Looking further, it seems like the 1:1 relationship between funding source vaults and CC numbers holds for all the data we have so far. The following query provides evidence for this by counting the number of masked_pan
values for each funding_source_vault_id
:
with
distinct_vaults as (
select distinct
funding_source_vault_id,
-- Some of the PAN values are masked with dashes and some with
-- asterisks. The following just strips out both.
replace(replace(masked_pan, '-', ''), '*', '') as masked_pan
from `cal-itp-data-infra.payments.stg_enriched_customer_funding_source`
)
select *, count(*) over (partition by funding_source_vault_id) as pan_count
from distinct_vaults
qualify pan_count > 1
order by masked_pan
This query comes back empty, which means that each vault id corresponds to only one PAN (note that some masked PANs correspond to multiple vaults, but since we don't have full card numbers we can reasonably guess that the masked portion differs in these cases).

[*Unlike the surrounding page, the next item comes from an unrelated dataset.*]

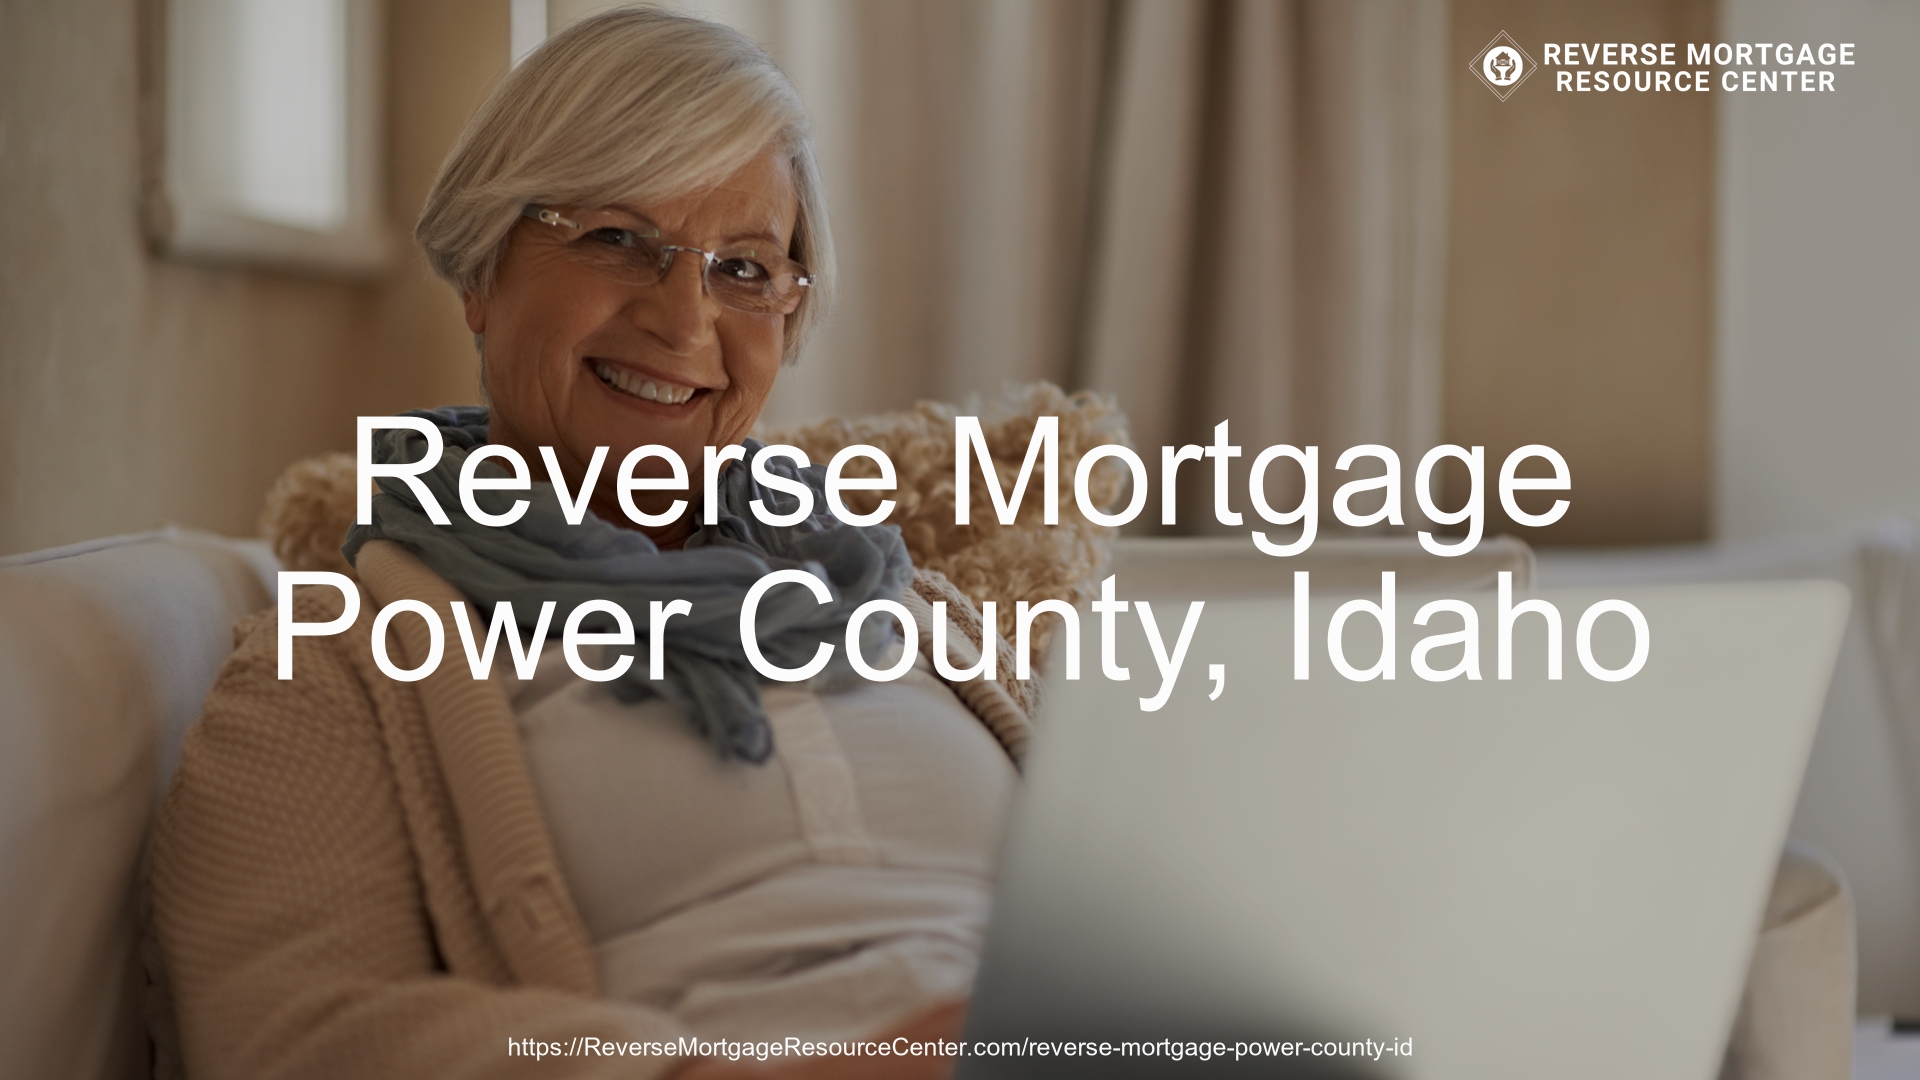 Reverse Mortgage Loans in Power County Idaho

The next thing to investigate would be whether we can assume that any two customers (focussing on principal_customer_id
s) that correspond to a funding_source_vault_id
can be considered the same customer.
Based on investigation using the payments.stg_enriched_customer_funding_source
table, the relationships I see between the relevant ID fields (funding_source_vault_id
, customer_id
, principal_customer_id
) is:
erDiagram
Vault ||..|| Credit-Card : "represents a"
Customer }|--|{ Vault : ""
Principal-Customer }|--|{ Customer : ""
Principal-Customer }|--|{ Vault : ""
Frustratingly, at first glance, all relationships are many-to-many. However, this may be because customer_id
and principal_customer_id
values may change over time. So even though, for example, a customer_id
may be related to multiple principal_customer_id
values over all time, what I have not yet verified is whether a customer_id
is only related to one principal_customer_id
at a time.
What I expect is:
If the above is the case, then any two principal_customer_id
values that are associated with the same customer_id
are the same Principal, and any two principal_customer_id
values that are associated with the same funding_source_vault_id
are the same Principal.
Part of the challenge in figuring out whether the above expected relationships hold is in how to determine when an ID is invalidated/replaced by a new version. Maybe we can just ask Littlepay if the above relationships should hold and then operate based on their answers.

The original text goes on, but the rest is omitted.